In the "here's how far I've come" department, try this on for size: Husband is at work today, we're leaving right after he gets home, and by the time we arrive at our destination tonight, it'll be too dark to run. (It's a rural setting - no street lights.)

Old Annie would have said "so that's why I can't run today."

Instead, New Annie paid a sitter $10 to play with Child for the hour of my "long slow distance" run this afternoon. And it was worth every penny!

On the topic of the LSD runs, I have to say I'm beginning to really love Sundays because of them. Every week, I get to travel new ground (even if it's only a half-km at a time); every Sunday, I have a reason to feel proud of myself.

Yay Sunday!

Hoping to find myself down, finally, by the time I get home mid-week - will report back.
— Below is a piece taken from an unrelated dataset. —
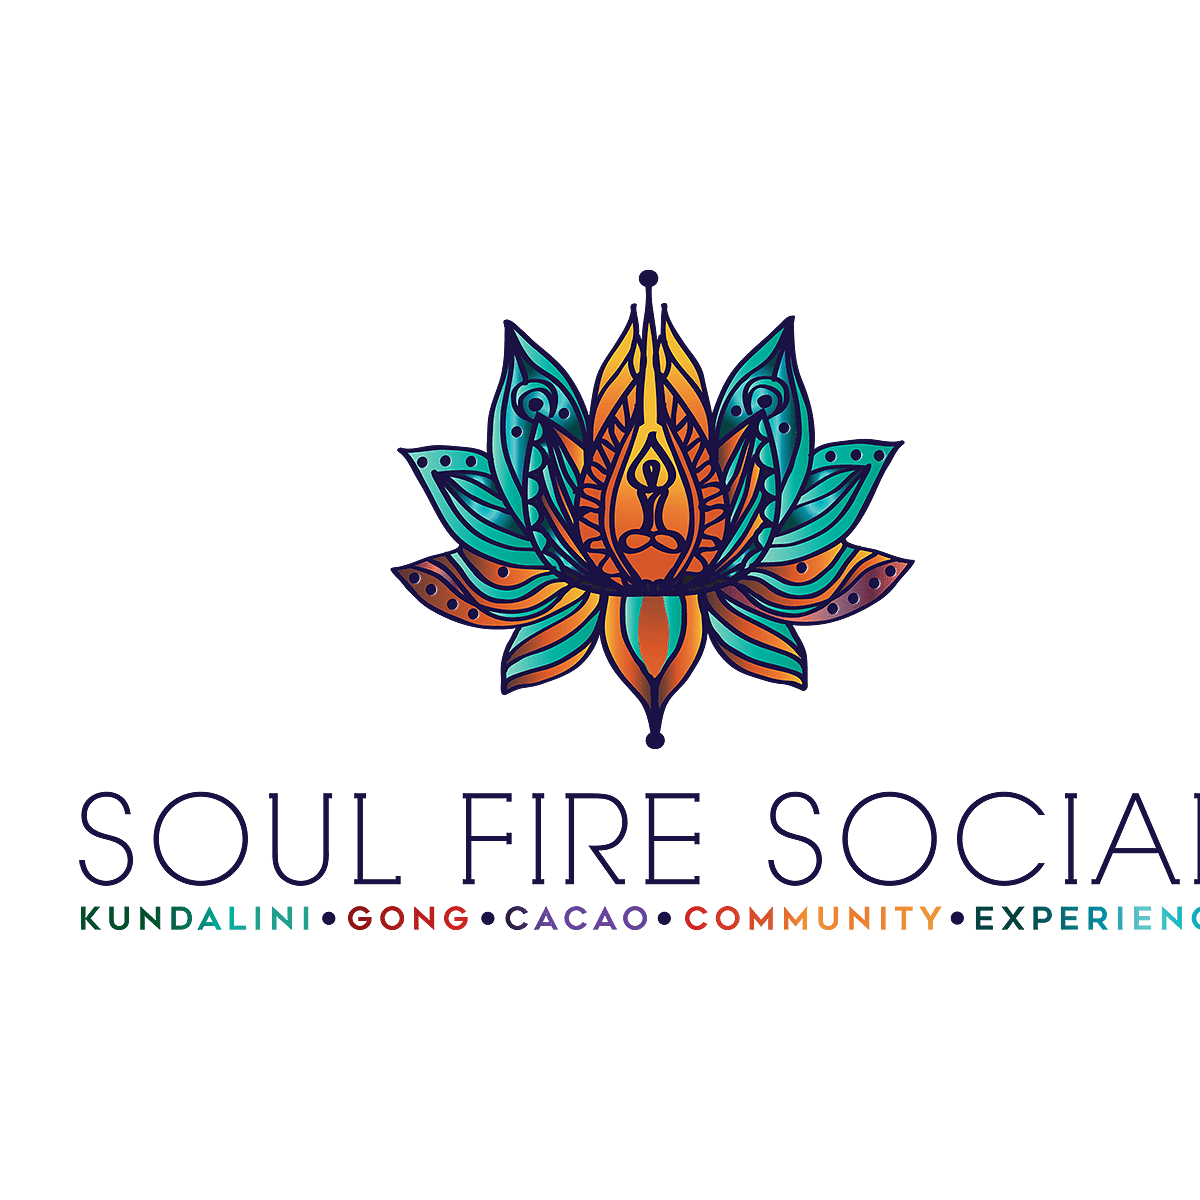 Join the Soul Fire Social Newsletter - Soul Fire Social, LLC

Loss this week: 0.6 (the same 0.6 I mysteriously gained last Monday)
Lost so far: 83
Still remaining: 17
Activity points earned this week: 42
Weeks to go: 14

Monday, June 27, 2011

Annie: weigh-in week 37 and new food finds

A word for the scale: pfft.

I left ALL my bonus points on the table this week, and only ate 2/3 of my activity points... and was up on the scale this morning. I've been weighing myself every morning because my new running log wants me to (yes, I'm that type A), and while they say you shouldn't do that if you're trying to lose weight, it helps me on days like today. From last Wednesday until yesterday, I was down 0.7 - and then this morning, I was up. Was it water retention after the fabulously salty Baked Cheetos I enjoyed last night? Probably, but it doesn't matter. I know I'm following my program, I'm getting loads of exercise, I'm drinking my water etc etc etc... so it'll come off. Next week, or the week after... I just have to not focus on the scale.

I've made a few new food discoveries lately I figured I should share - this blog has picked up a few new readers I know who are undertaking their own fitness projects (hello!), so I thought I should share these.

1) Janet and Greta's Gourmet Chicken Burgers

I picked these up at Costco last weekend on a whim, and I think they are fantastic.

I must begin by stating that I am generally not a big fan of burgers that aren't beef. (OK, Mae, I'm ready for you: let me have it!) I love turkey and chicken, but not when they are disguised as something else (like, for instance, turkey bacon: I'd just as soon have ham for the same points). The one exception is Hormel turkey pepperoni, which kicks ass, but I think I've blogged about that before. (If not, try it: I've only seen it in America to date, but it's worth carrying across the border for pizza cravings.)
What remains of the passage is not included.